Но тут взбунтовалась моя старшая. Она заявила, что Хоги надо похоронить как положено, чтобы потом ходить к нему на могилку, и, схватив коробку, в которой лежал мертвый ежик, выбежала на улицу. Все уговоры были бесполезны, она уперлась с идеей похорон и ничего не хотела слышать.
Идея, конечно, нелепая, но возникла она, как я полагаю, не без причины. Дело в том, что вскоре после нашего переезда в Канаду в Ереване скончалась моя свекровь. Ее смерть подействовала на дочь чрезвычайно сильно, тем более, что мы не смогли поехать на похороны. Она особенно мучилась, вспоминая, как, бывало, грубила бабушке (как обычно подростки грубят взрослым), так и не успев попросить у нее прощения. Думаю, что чувство вины, многократно усиленное смертью близкого человека, и неудовлетворенная потребность в прощении какими-то сложными психологическими путями перенесенные от бабушки к ежику, и были причиной ее упорного желания похоронить Хоги, как она выразилась, по-человечески.

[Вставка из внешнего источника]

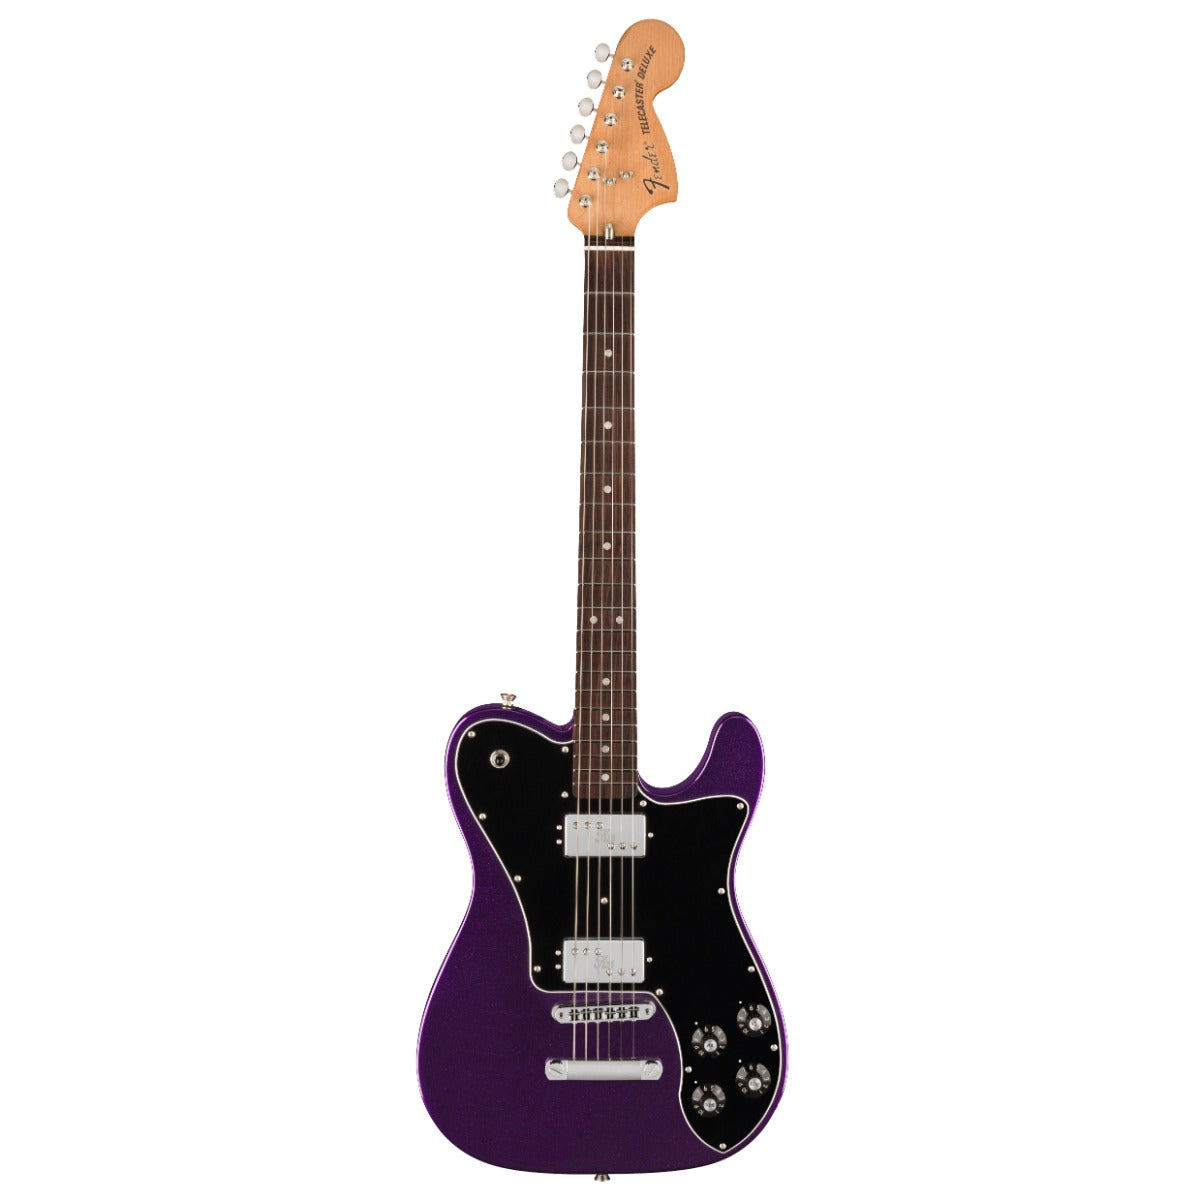 Fender Kingfish Telecaster Deluxe - Mississippi Night, View 2

Вернувшись домой, вынесли коробку с ежиком на балкон. Был декабрь, и девочки укутали ее в старый шерстяной шарф, вопреки здравому смыслу… Решили похоронить ежа где-нибудь во дворе, под елкой. Утром, взяв большой кухонный нож и коробку с Хоги, девочки вышли из дома. Однако вскоре вернулись назад, сказав, что ножом копать землю невозможно, нужна лопата. Коробку, замотанную в шарф, снова вынесли на балкон. После некоторого сопротивления муж согласился купить лопату и отправился за ней вмагазин.
Лопата оказалась весьма дорогим орудием труда. Поискав в нескольких местах, он нашел наконец в одном магазинчике за $25. Владельцы магазина, пожилая супружеская пара, шотландцы по происхождению, поинтересовались, для чего нужна лопата. Муж объяснил, что ему нужно похоронить ежа. Тогда они, закивав головами и выразив сочувствие, выбрали подходящую и продали со скидкой за $20. Поблагодарив их сердечно, муж вернулся домой.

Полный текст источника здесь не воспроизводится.